In LPC-based speech coding, a differentiation between quasi-periodic impulse-like
excitation signal segments or signal portions, and noise-like excitation signal segments
or signal portions, is made.
[0062] Quasi-periodic impulse-like excitation signal segments, i.e., signal segments having
a specific pitch are coded with different mechanisms than noise-like excitation signals.
While quasi-periodic impulse-like excitation signals are connected to voiced speech,
noise-like signals are related to unvoiced speech.
[0063] Exemplarily, reference is made to Figs. 5a to 5d. Here, quasi-periodic impulse-like
signal segments or signal portions and noise-like signal segments or signal portions
are exemplarily discussed.
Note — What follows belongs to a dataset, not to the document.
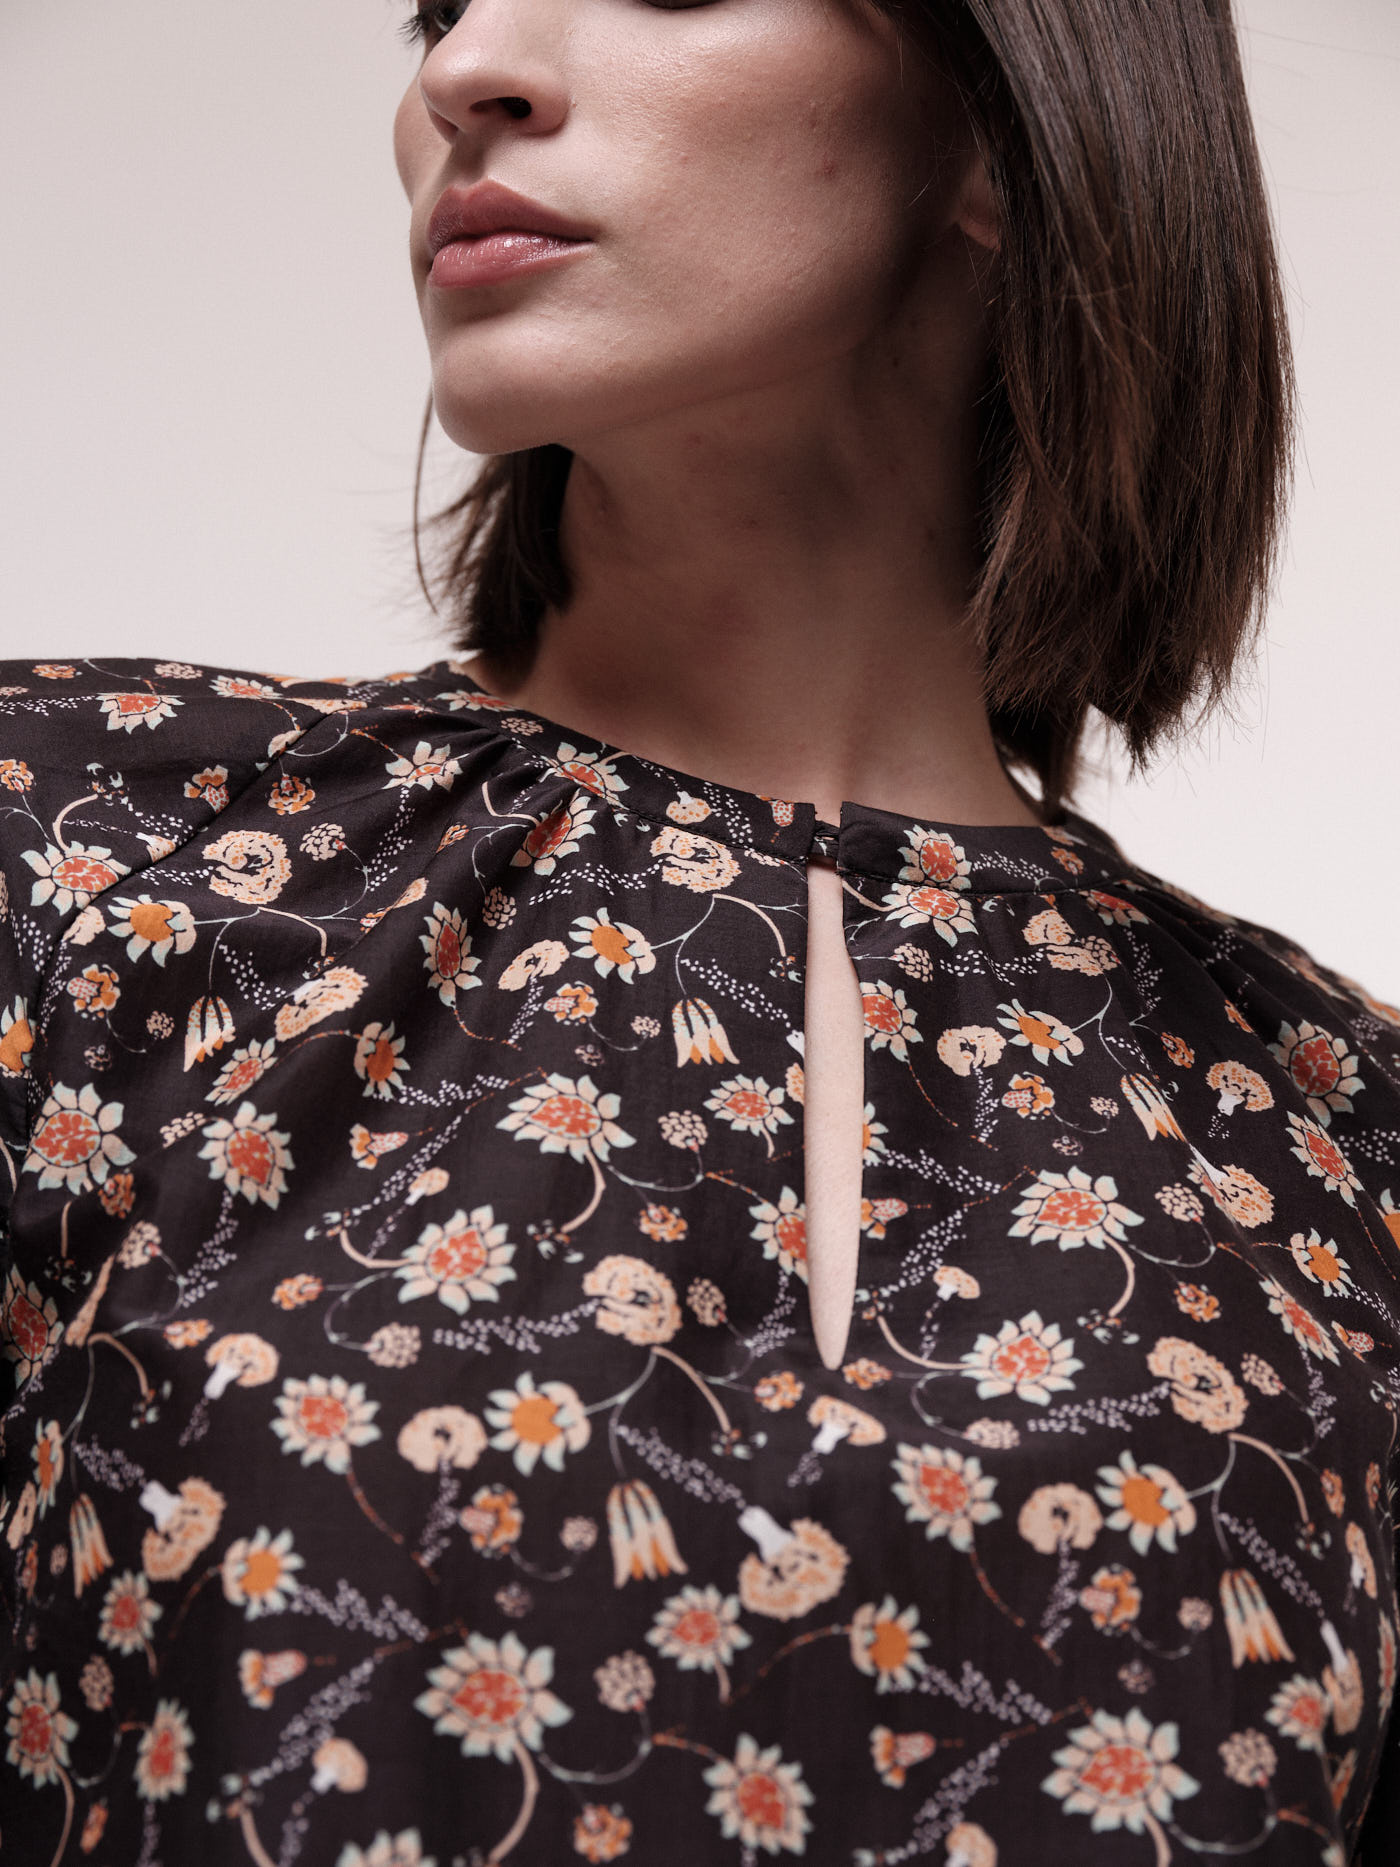 Gemusterte Bluse für Damen print botanic garden black mit Seide

Specifically, a voiced speech as illustrated in Fig. 5a
in the time domain and in Fig. 5b in the frequency domain is discussed as an example
for a quasi-periodic impulse-like signal portion, and an unvoiced speech segment as
an example for a noise-like signal portion is discussed in connection with Figs. 5c
and 5d. Speech can generally be classified as voiced, unvoiced, or mixed. Time-and-frequency
domain plots for sampled voiced and unvoiced segments are shown in Fig. 5a to 5d.
Voiced speech is quasi periodic in the time domain and harmonically structured in
the frequency domain, while unvoiced speed is random-like and broadband. In addition,
the energy of voiced segments is generally higher than the energy of unvoiced segments.
The short-time spectrum of voiced speech is characterized by its fine and formant
structure. The fine harmonic structure is a consequence of the quasi-periodicity of
speech and may be attributed to the vibrating vocal chords. The formant structure
(spectral envelope) is due to the interaction of the source and the vocal tracts.
The vocal tracts consist of the pharynx and the mouth cavity. The shape of the spectral
envelope that "fits" the short time spectrum of voiced speech is associated with the
transfer characteristics of the vocal tract and the spectral tilt (6 dB /Octave) due
to the glottal pulse. The spectral envelope is characterized by a set of peaks which
are called formants. The formants are the resonant modes of the vocal tract. For the
average vocal tract there are three to five formants below 5 kHz. The amplitudes and
locations of the first three formants, usually occurring below 3 kHz are quite important
both, in speech synthesis and perception. Higher formants are also important for wide
band and unvoiced speech representations. The properties of speech are related to
the physical speech production system as follows. Voiced speech is produced by exciting
the vocal tract with quasi-periodic glottal air pulses generated by the vibrating
vocal chords. The frequency of the periodic pulses is referred to as the fundamental
frequency or pitch. Unvoiced speech is produced by forcing air through a constriction
in the vocal tract. Nasal sounds are due to the acoustic coupling of the nasal tract
to the vocal tract, and plosive sounds are produced by abruptly releasing the air
pressure which was built up behind the closure in the tract.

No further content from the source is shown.